Innovation Ventures gets off to an interesting start with TerraPower

(This post is not related to investments. Skip it if you are not interested in science or venture financing.)



What Nathan Myhrvold and his cohorts were trying to accomplish sure was exciting, perhaps even the start of a new structure for science, invention, and technology. Some are critical of organizations that just invent or acquire patents without manufacturing the product or providing the service but I'm not so down on them. Given my diverse interests, I read quite a number of stories on people trying to accomplish certain things but I never quite encountered anyone like Myhrvold. He is definitely someone special and I hope he succeeds.

Well, it looks like Myhrvold and his team may be on the verge of commercializing their first, serious, idea—and it sure is a revolutionary idea! As a bonus, unlike many ideas that get floated around with no backing, this idea seems to have financial banking of several venture investors, including Bill Gates (For those interested, Marketwatch has a story on Gates increasing his investment by another $35 million.)

The idea that Innovation Ventures, the company founded Myhrvold and his team, is attempting to commercialize is a new type of a nuclear reactor. Innovation Ventures is backing a company called TerraPower, which is developing a Traveling-Wave Reactor. I know very little about nuclear technology and not sure how much of this is purely theoretical and hype, but what makes this interesting is that it does not rely on enriched uranium. It can use depleted uranium and run a very long time without re-fueling. Technology Review has a brief overview of the proposed system:

Unlike today’s reactors, a traveling-wave reactor requires very little enriched uranium, reducing the risk of weapons proliferation. The reactor uses depleted-uranium fuel packed inside hundreds of hexagonal pillars. In a “wave” that moves through the core at only a centimeter per year, this fuel is transformed (or bred) into plutonium, which then undergoes fission. The reaction requires a small amount of enriched uranium to get started and could run for decades without refueling. The reactor uses liquid sodium as a coolant; core temperatures are extremely hot--about 550 ºC, versus the 330 ºC typical of conventional reactors.


The following diagram, extracted from "Introducing Traveling-Wave Reactors" by Intellectual Ventures, provides a simple diagram of the nuclear reaction:
The concept of a traveling-wave reactor has actually been researched by scientists for a few decades now. The following diagram, from the same document linked above, appears to indicate the original idea was developed in 1958 by Saveli Feinberg of Russia.
If successful, TerraPower plans to partner with a nuclear equipment manufacturer and license their ideas. They plan to have a reactor by the 2020's, although I'm not sure if that is a prototype or an actual one. The nuclear industry is one of the most regulated industries out there and it takes decades to get the permits, so you probably won't see me writing about this for another 10 years ;)


I'm kind of excited by this project. Although there are competing technologies, not to mention competing clean energy sources (such as natural gas, hydro, solar, wind, and so forth), nuclear is the most "powerful" and the one with big scaling potential. The downside is the risk with meltdowns—it's kind of ironic I wrote an article a few days about the potential for big meltdowns in poor countries like China and India—and nuclear waste. The system proposed by TerraPower appears to generate very little waste. Certainly if you compare nuclear waste against the waste generated by current energy sources (coal, natural gas, and oil), nuclear isn't as polluting.

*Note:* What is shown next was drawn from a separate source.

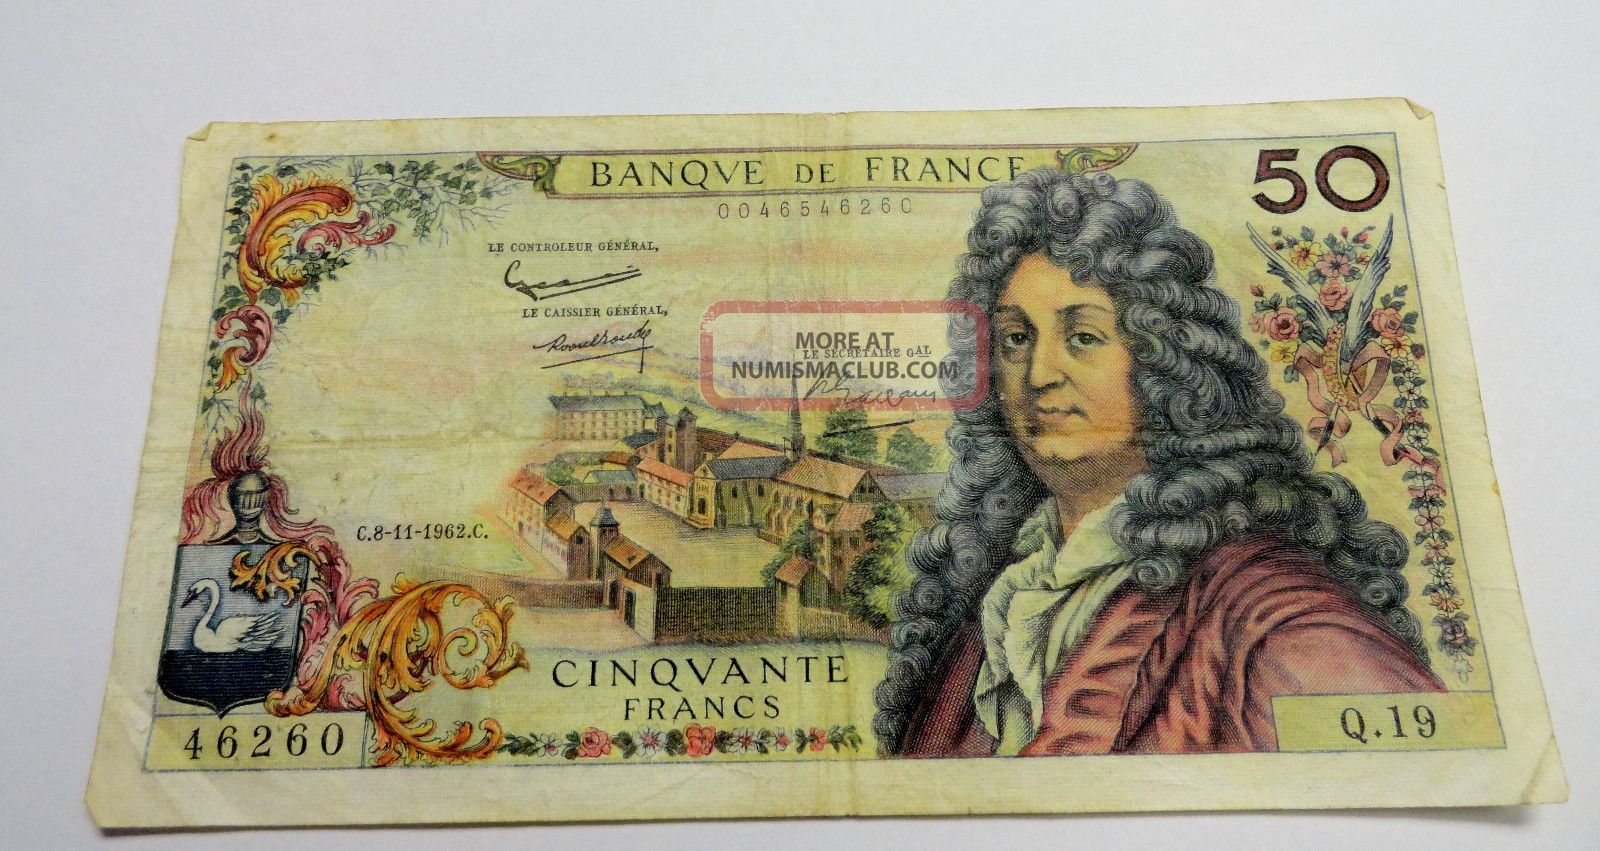 C. 8 - 11 - 1962. C. Banque De France Cinquante 50 Francs Banknote

Another big downside with nuclear power is that they require huge capital spending and good management. Unfortunately, this sort of kills one aspect of capitalism—private investors won't do much without government support*—but that's why I'm left-leaning at times. You really can't do anything unless government provides support of some sort. Only a few companies in the world can afford to build a nuclear power plant.

Overall though, I think nuclear power is better than most others. It's not as cheap as coal, oil, natural gas, or hydro, but nuclear power is cleaner and can be a very-long-term solution (especially if some key advances are made.)


As anyone that has stared at the stars in the sky would know, nuclear power is the only source that unleashes huge quantities of energy. If we, as humans, don't master nuclear technology now, we will in the future. I have a feeling that our destiny is intertwined with nuclear power, one way or another. For instance, I really feel that the next big advance in space exploration won't occur until we power ships using nuclear power. The current method of trying to power rockets using hydrocarbons is kind of primitive. It's kind of like trying to sail the world relying on wind. So, advances in nuclear science and technology is welcome by me. We are going to cross paths sooner or later.


Footnote:

* Not only does the nuclear industry need government support in terms of financing, environmental help, setting electricity rates, and the like, the industry also needs government funding of research. Most of the research is done at universities and funded by taxpayers. If the nuclear research at universities were abolished tomorrow, the whole industry would die overnight. I think this is the type of industry that would never exist in a purely capitalistic society (with current economics, knowledge of nuclear science, etc.)